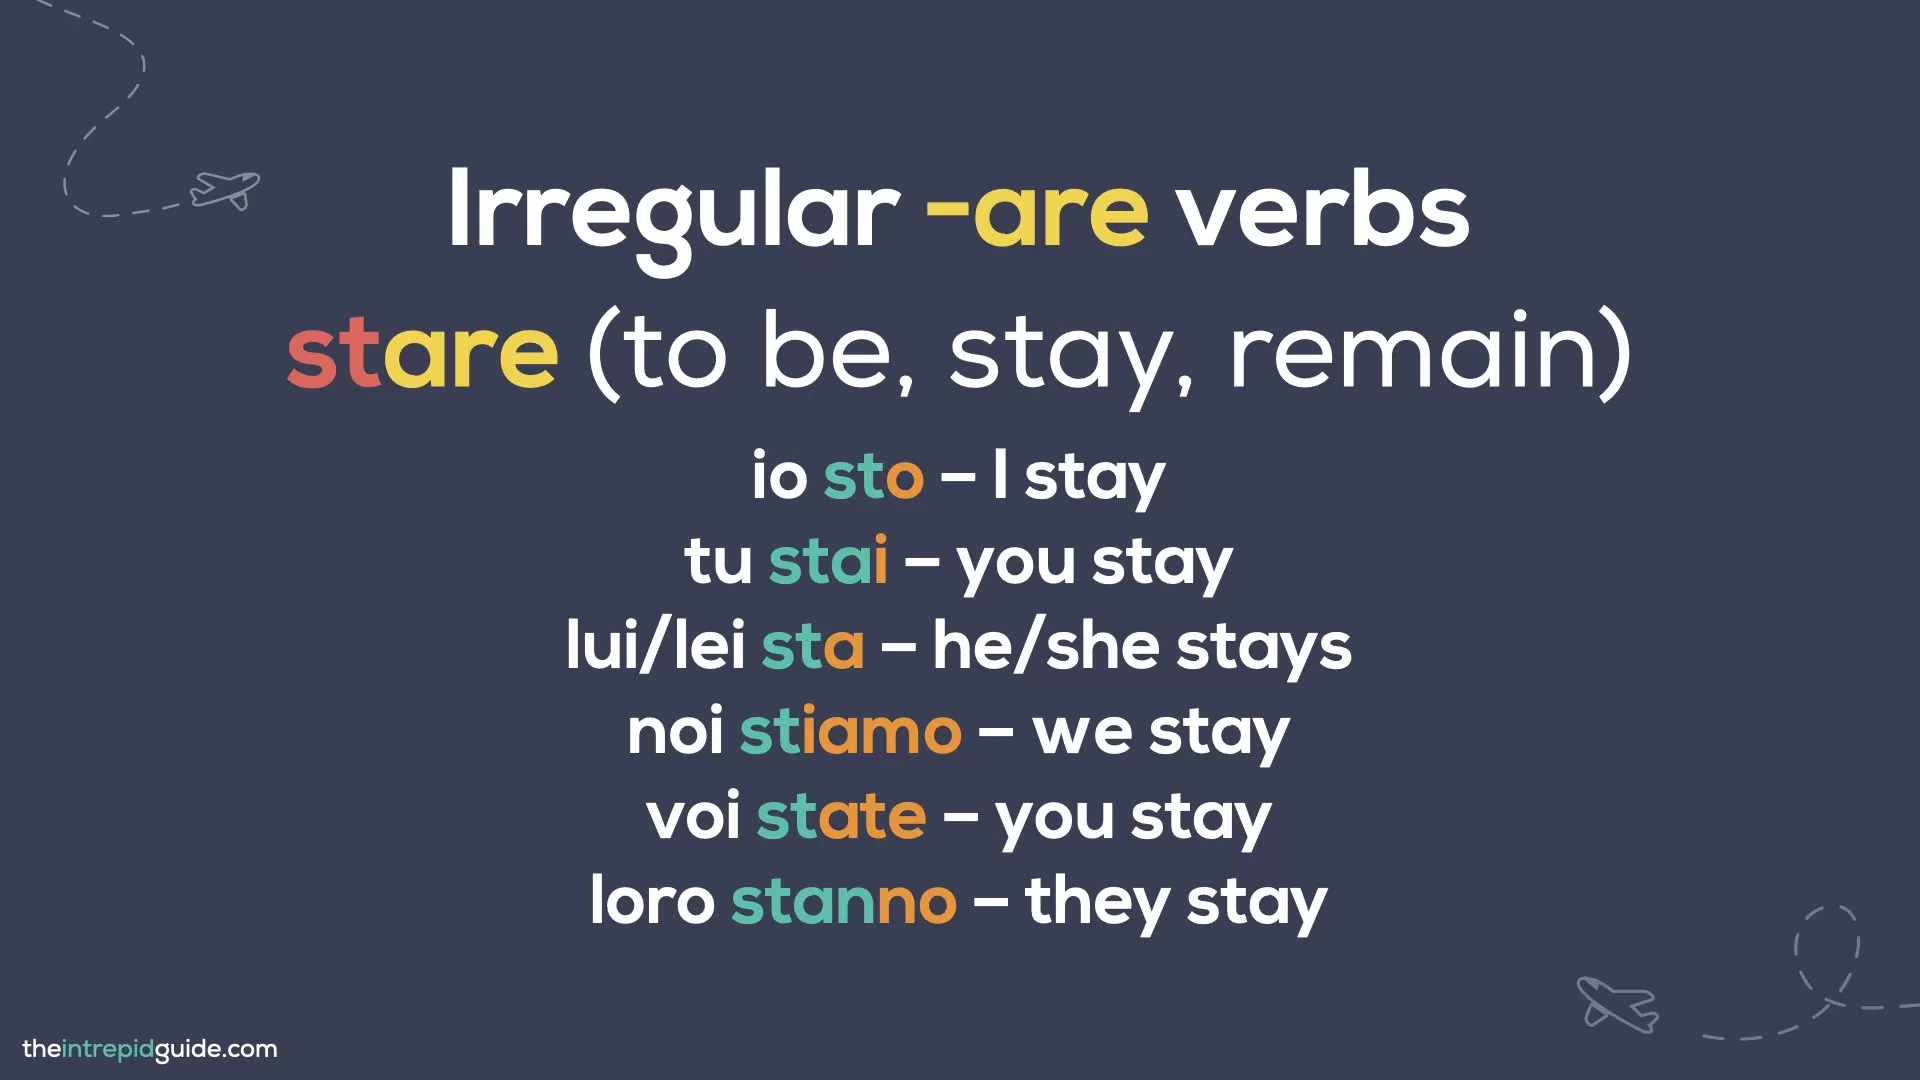 How to Conjugate Italian Verbs - Conjugating the verb stare - to stay, remain
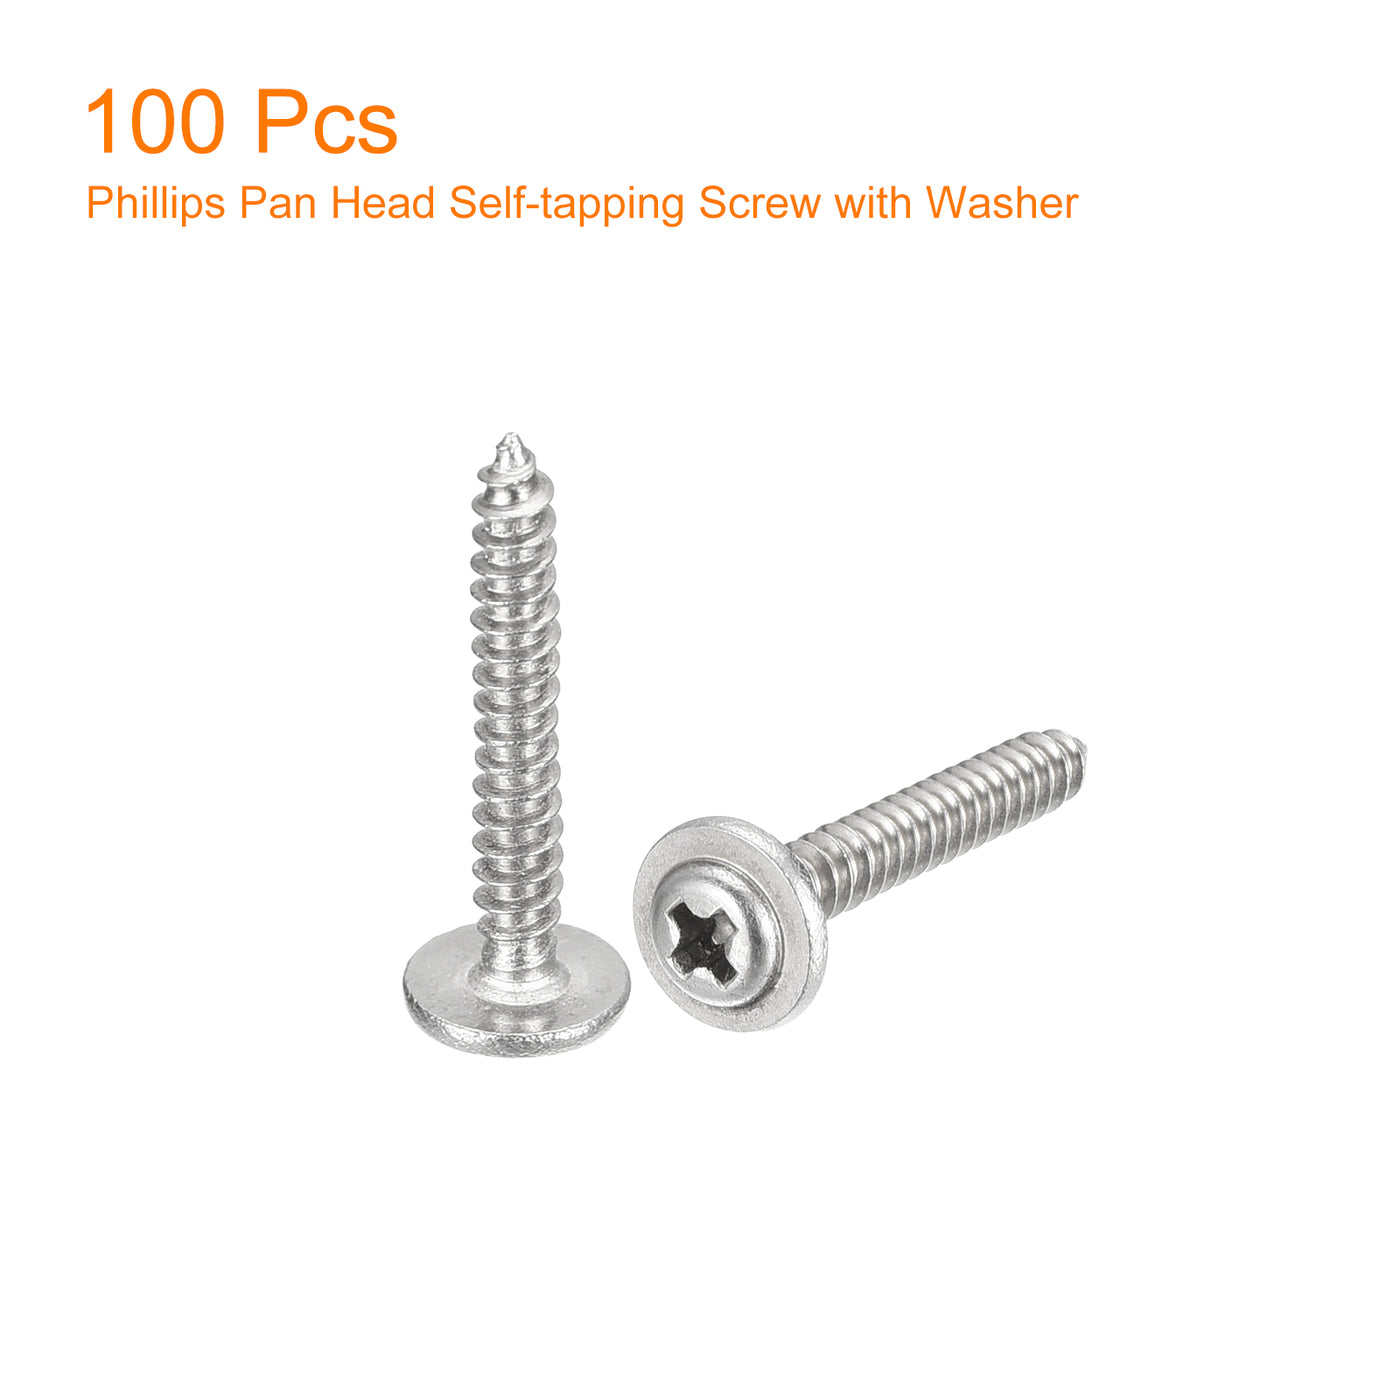 uxcell Uxcell ST2.3x16mm Phillips Pan Head Self-tapping Screw with Washer, 100pcs - 304 Stainless Steel Wood Screw Full Thread (Silver)
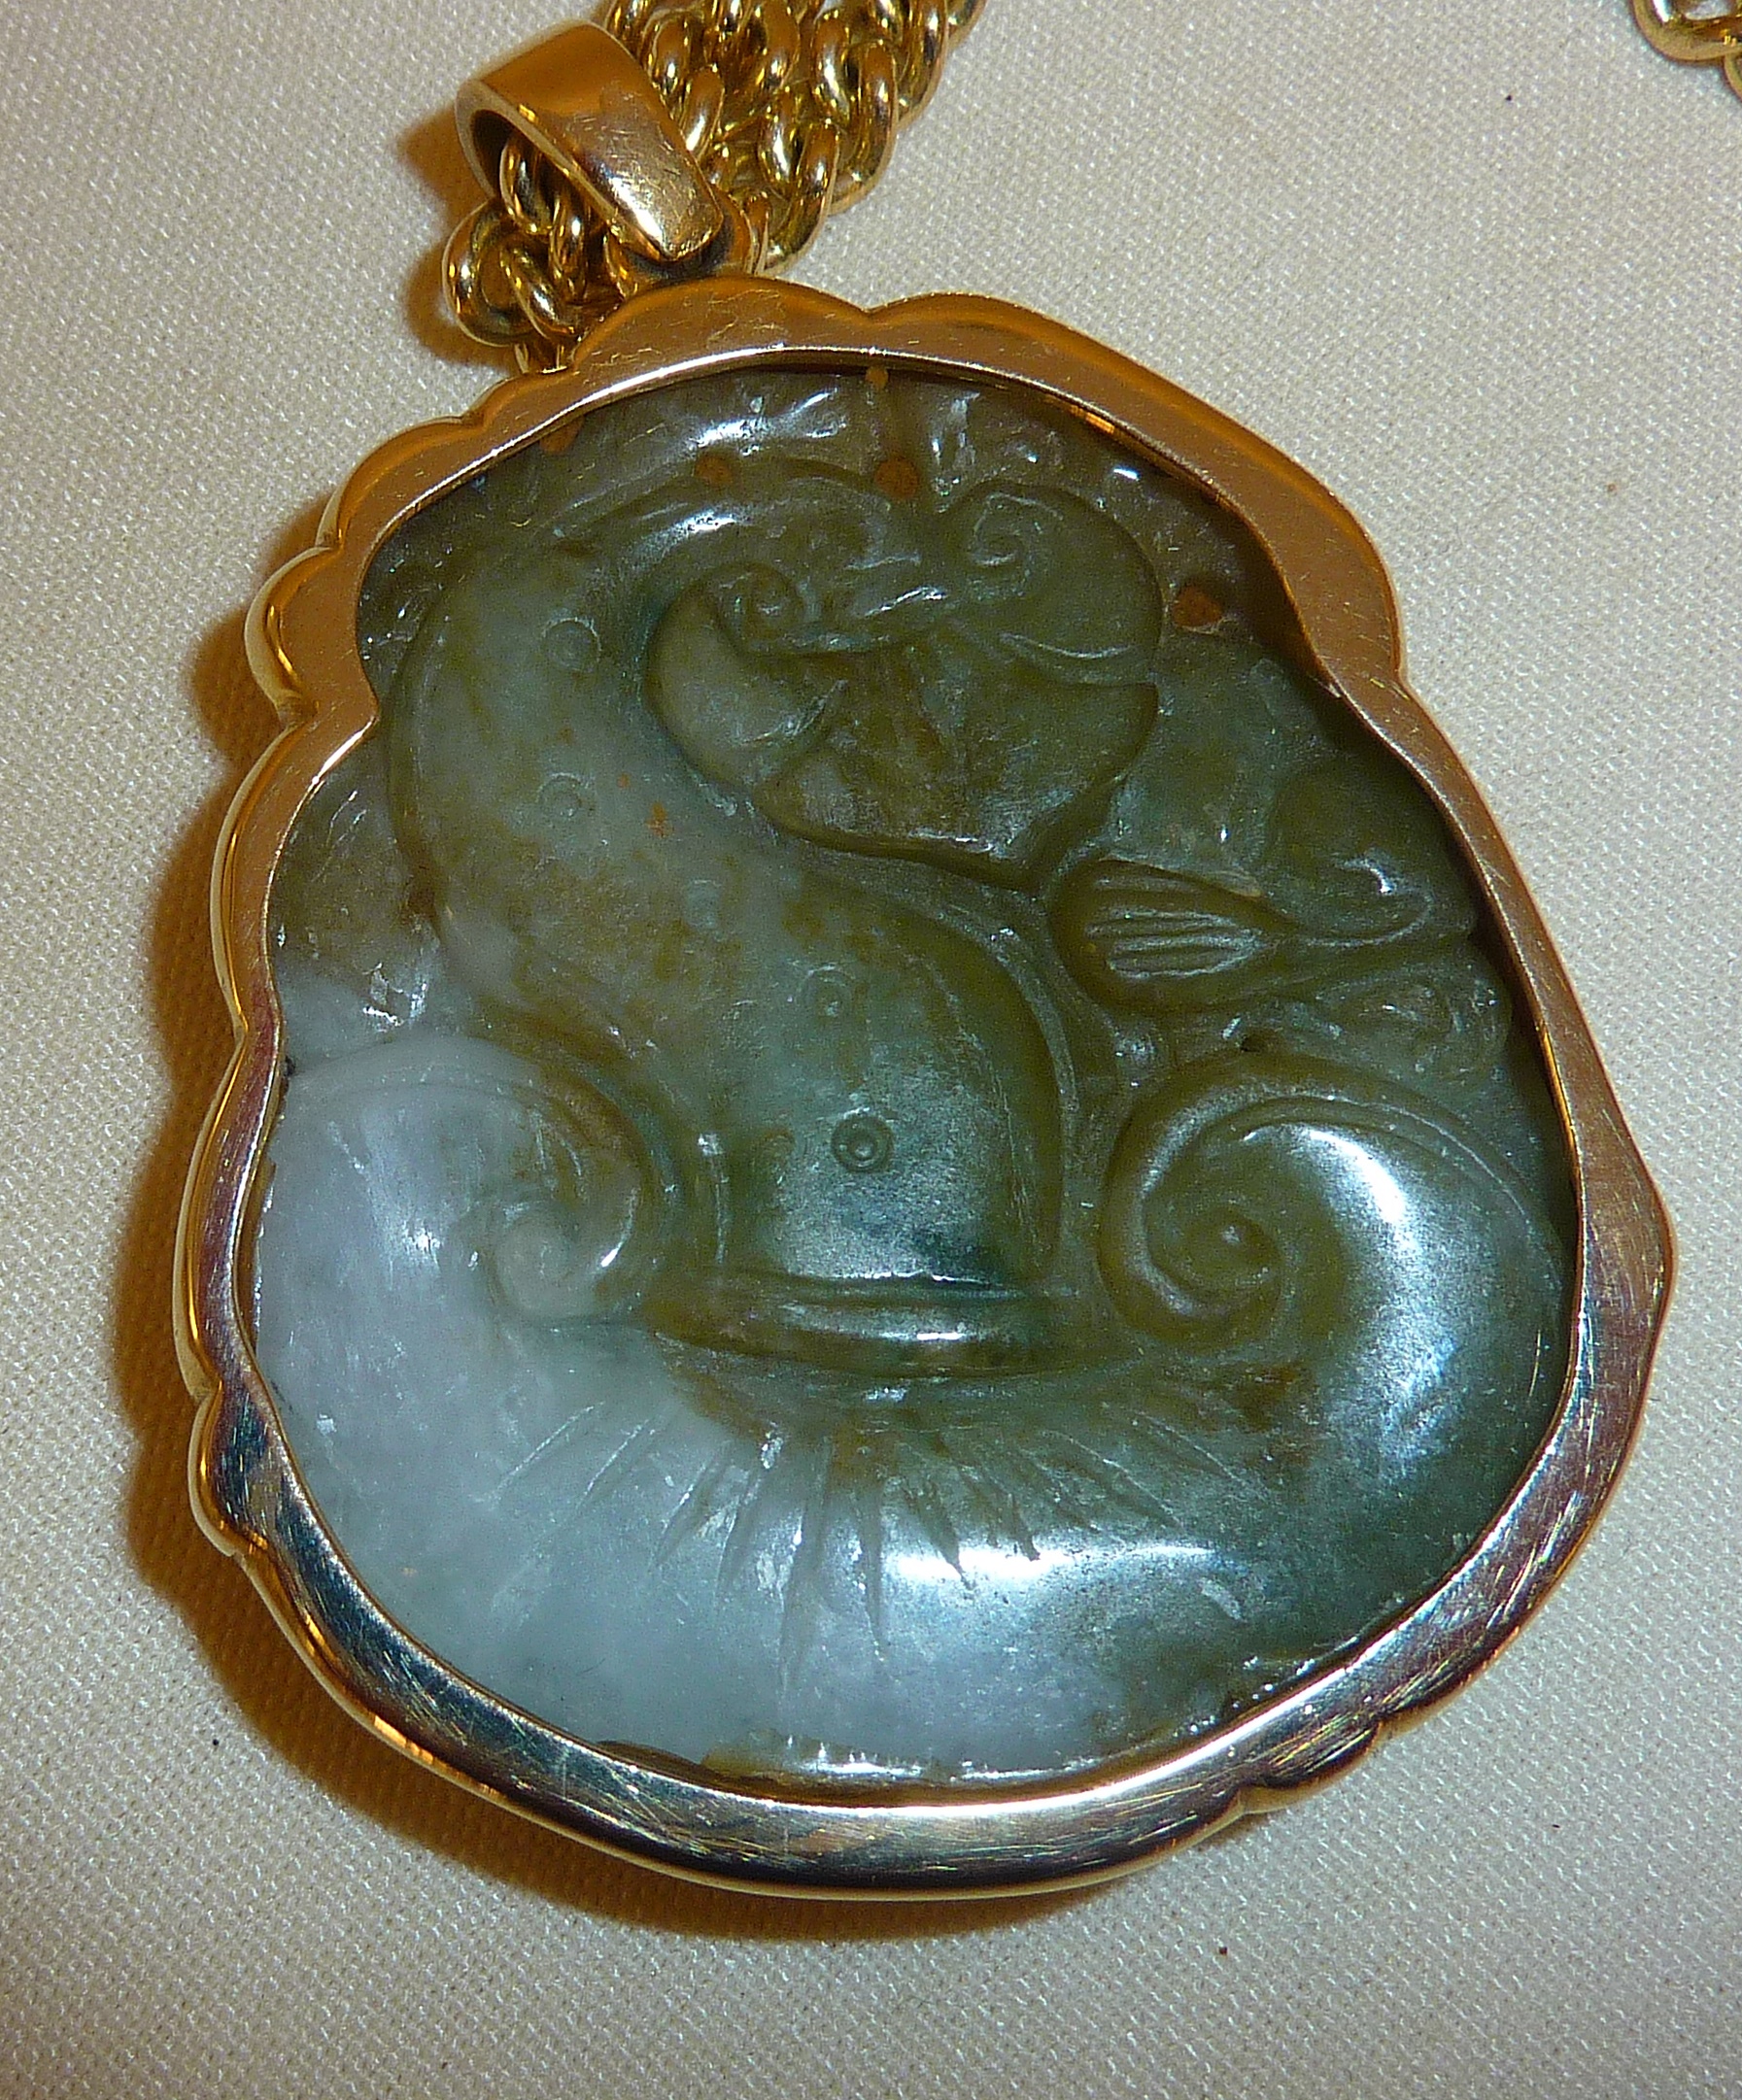 Chinese double-sided carved jade pendant in the form of a monkey on Lingzhi fungus with 9ct gold - Image 2 of 3

» Your task: Pictures excluded, quote all the data above exactly.

» Written reply:
 How to Conjugate Italian Verbs - Conjugating the verb stare - to stay, remain
 uxcell Uxcell ST2.3x16mm Phillips Pan Head Self-tapping Screw with Washer, 100pcs - 304 Stainless Steel Wood Screw Full Thread (Silver)
 Chinese double-sided carved jade pendant in the form of a monkey on Lingzhi fungus with 9ct gold - Image 2 of 3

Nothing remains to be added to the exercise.